◆ Your assignment ◆
Every word in the data below belongs in your copy, exactly as given; the pictures do not.
** The data follows **
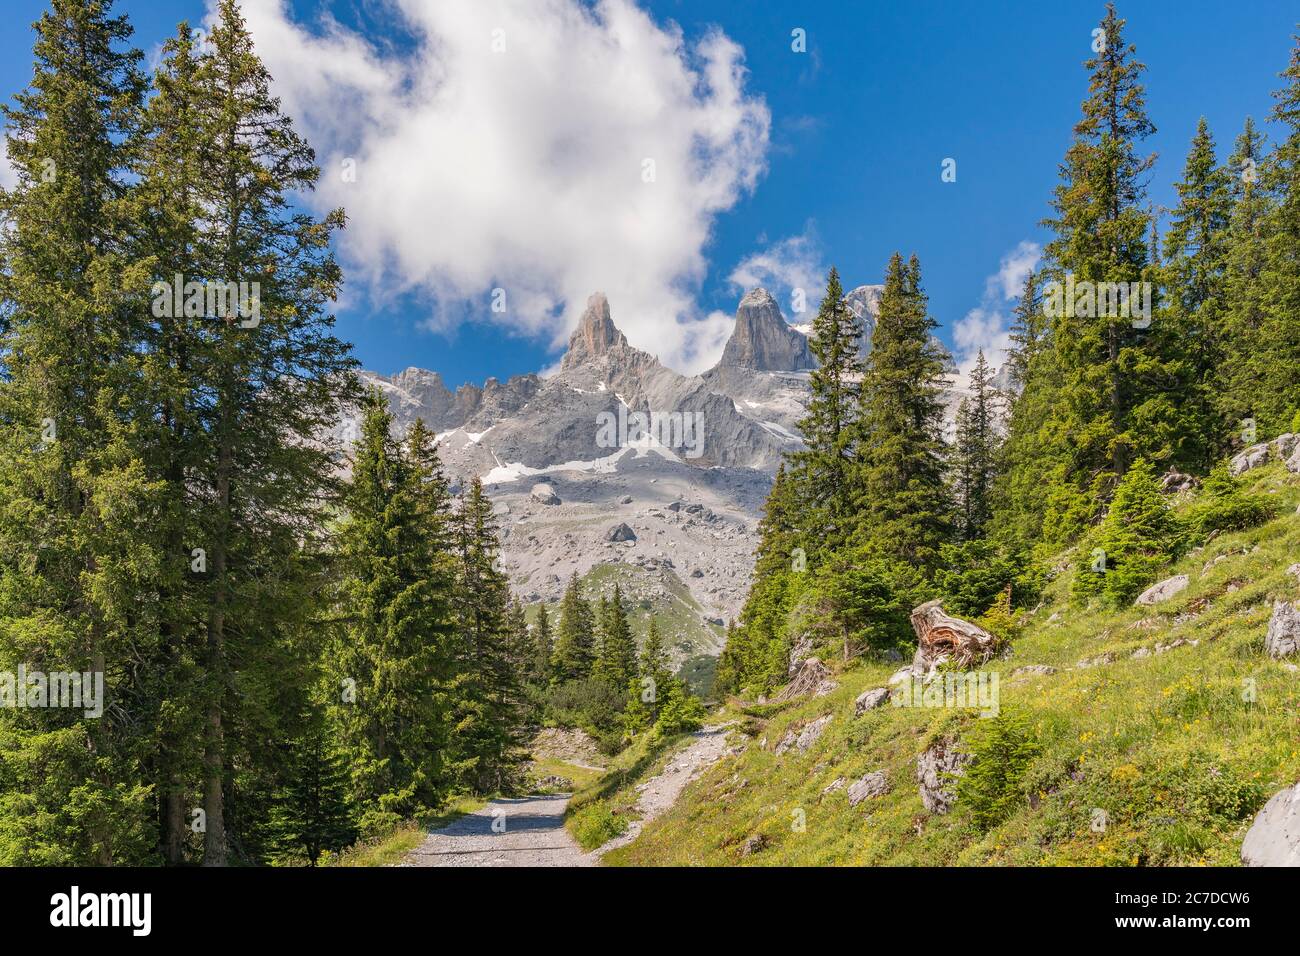 Paysage de montagnes rocheuses avec les sommets de Drusenfluh et trois tours dans la vallée du Montafon près de Tschagguns, Vorarlberg, Autriche Banque D'Images
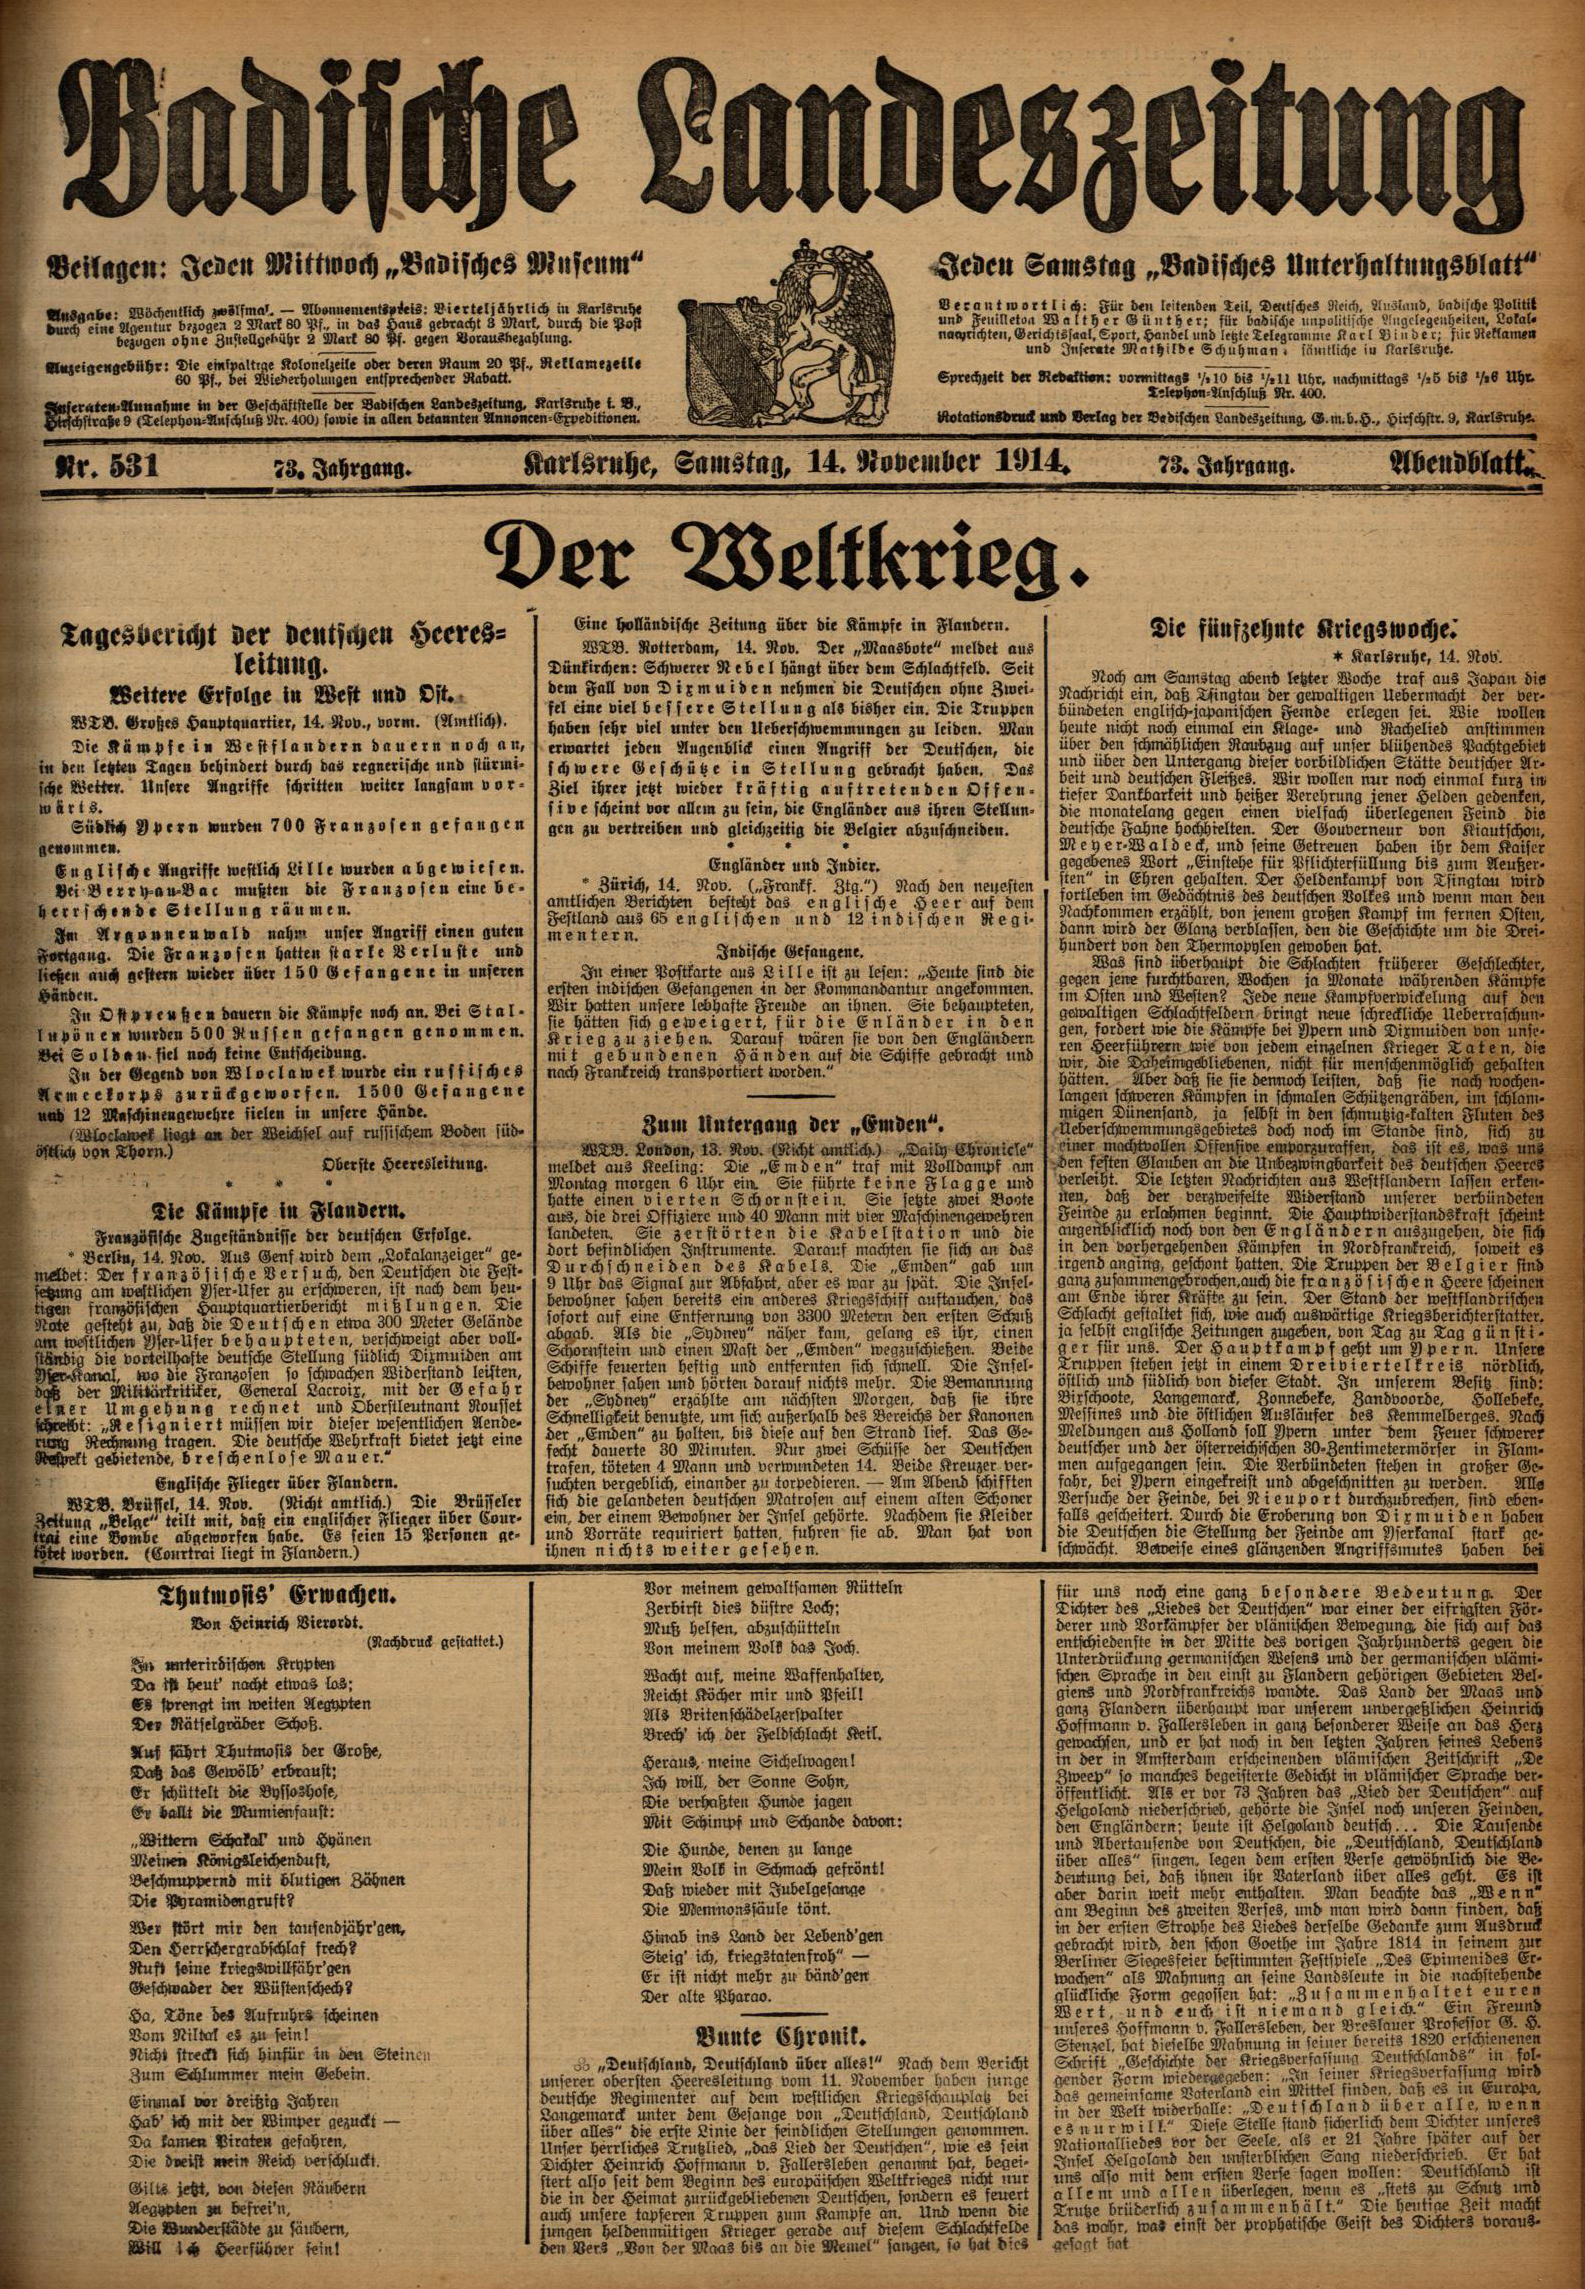 Zu sehen ist: Badische Landeszeitung, Karlsruhe, Samstag, 14. November 1914, Nr. 531, Jg. 73 Abendblatt.
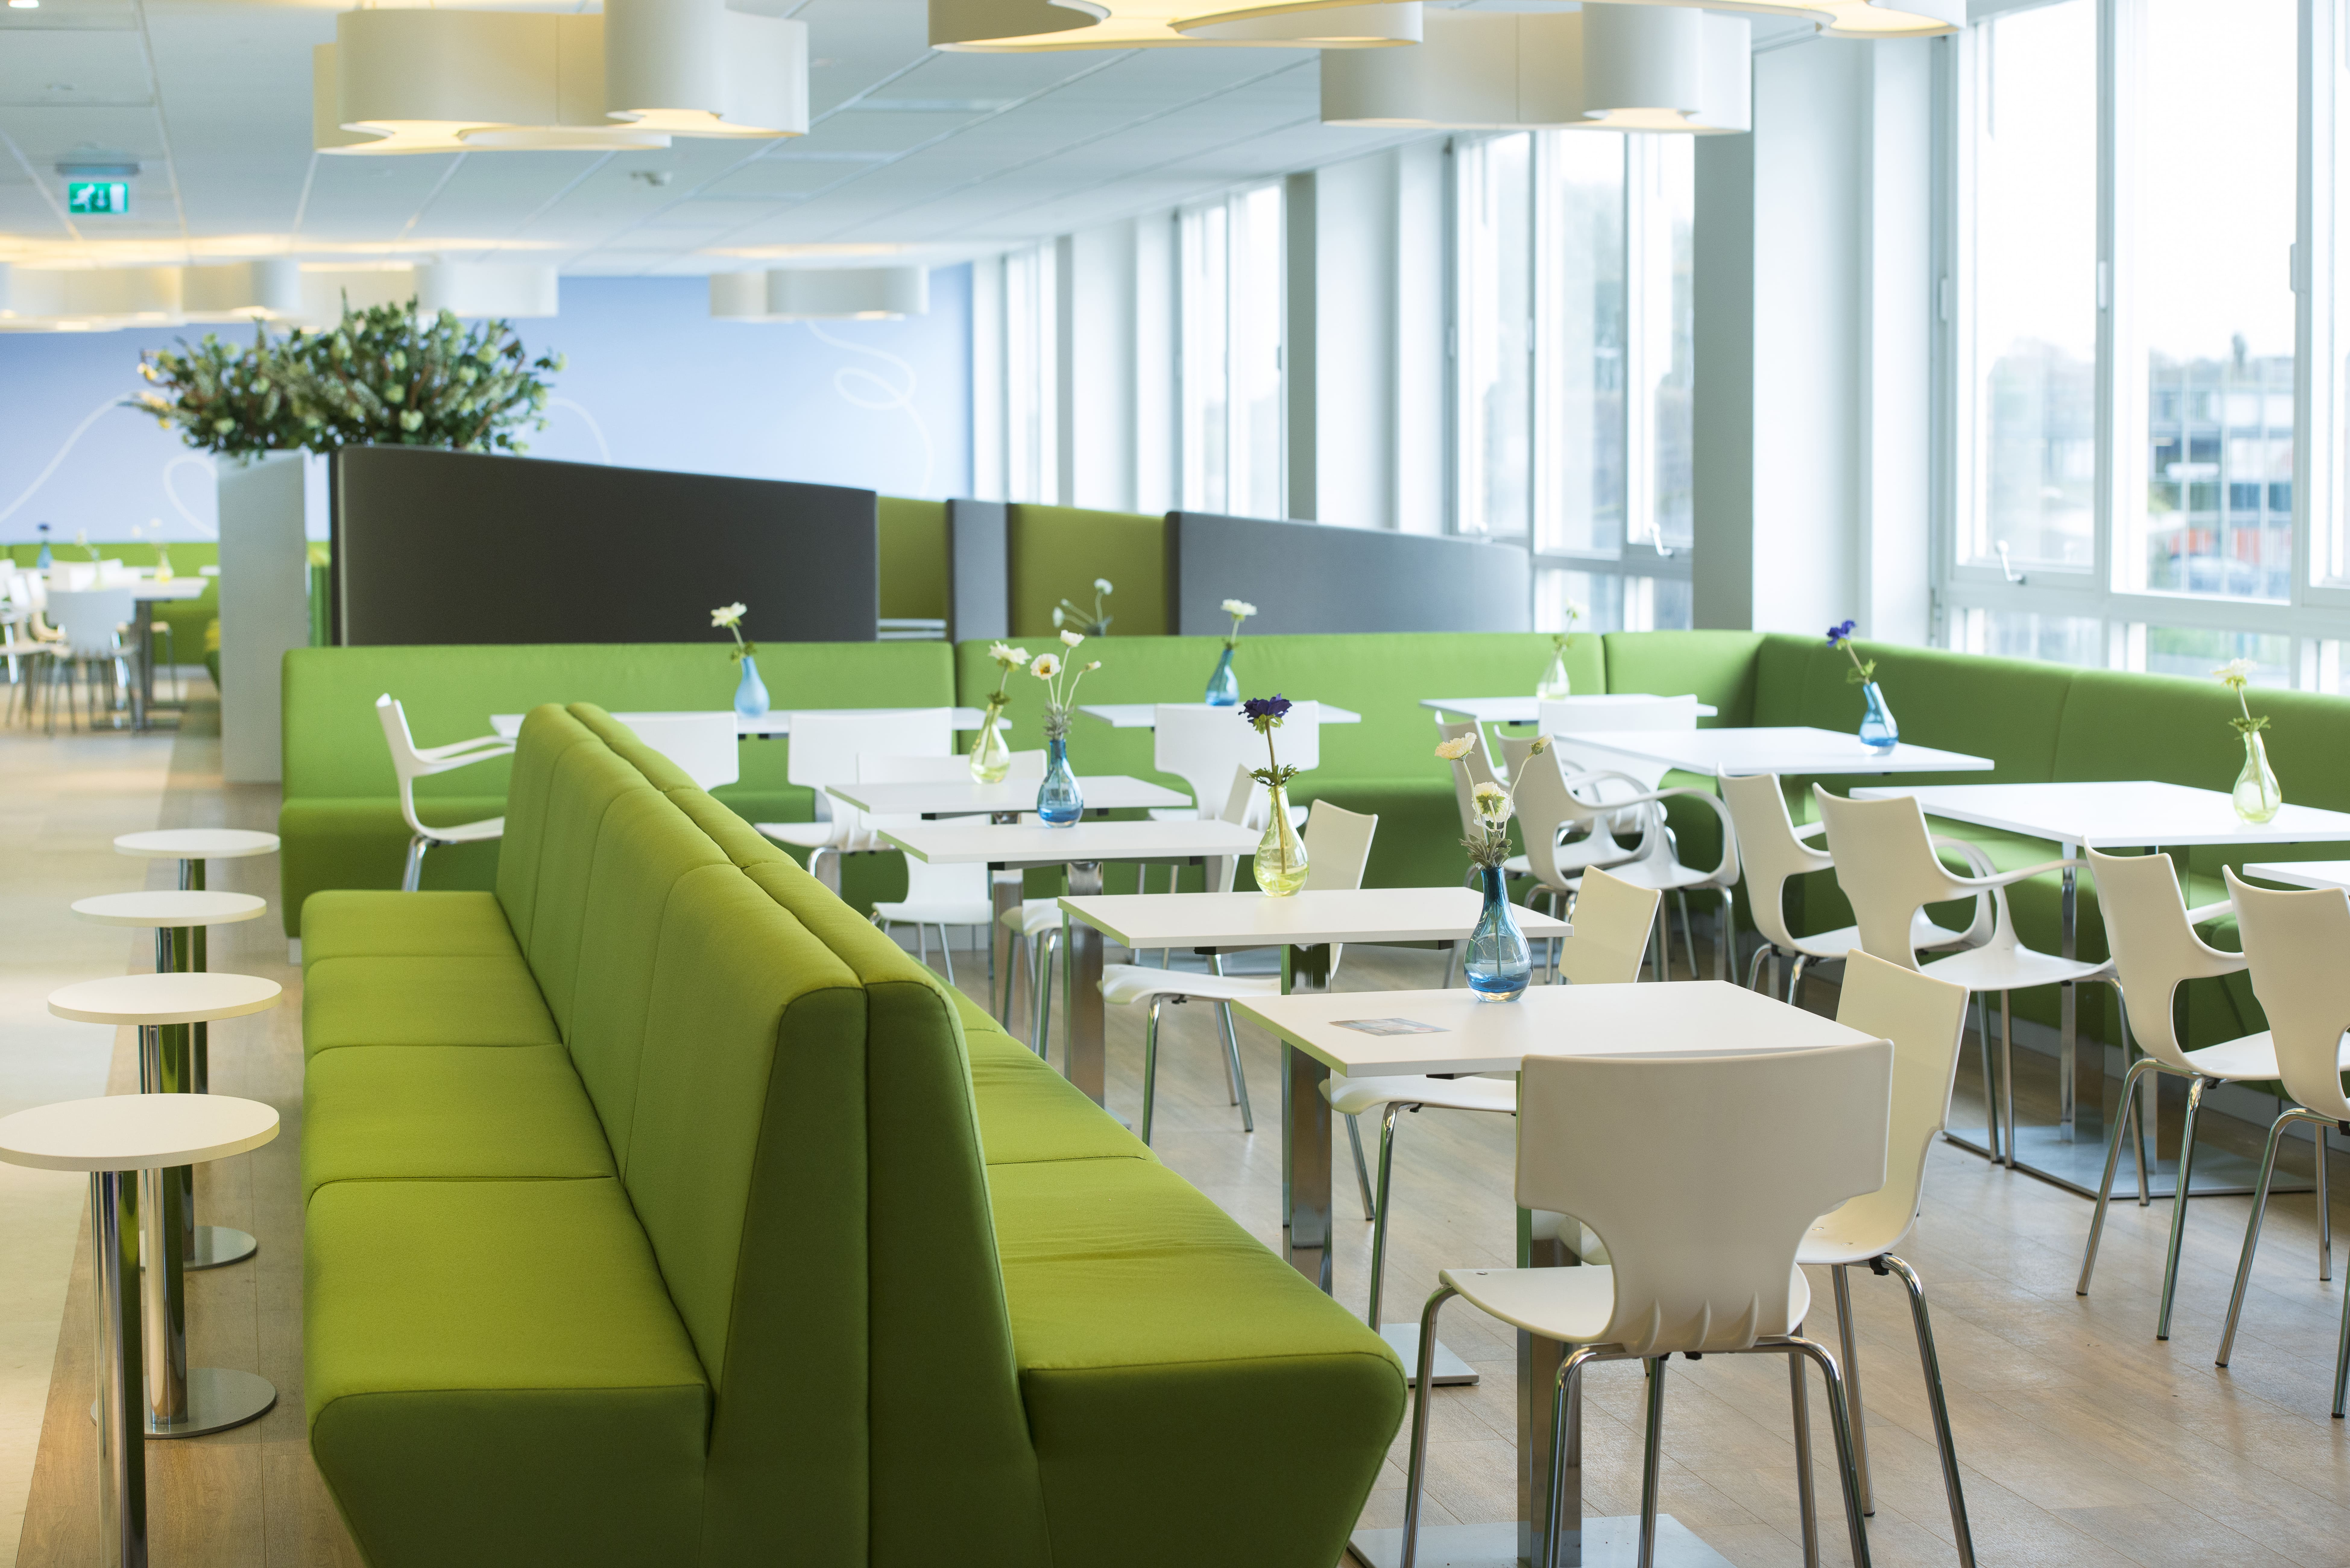 Ruimte in het Isala Ziekenhuis ingericht door Big Brands met lange groene banken met witte tafels en stoelen. Bloemen op de achtergrond en witte lampen aan het plafond.
** End of The data **
◆ Output of the task ◆
 Paysage de montagnes rocheuses avec les sommets de Drusenfluh et trois tours dans la vallée du Montafon près de Tschagguns, Vorarlberg, Autriche Banque D'Images
 Zu sehen ist: Badische Landeszeitung, Karlsruhe, Samstag, 14. November 1914, Nr. 531, Jg. 73 Abendblatt.
 Ruimte in het Isala Ziekenhuis ingericht door Big Brands met lange groene banken met witte tafels en stoelen. Bloemen op de achtergrond en witte lampen aan het plafond.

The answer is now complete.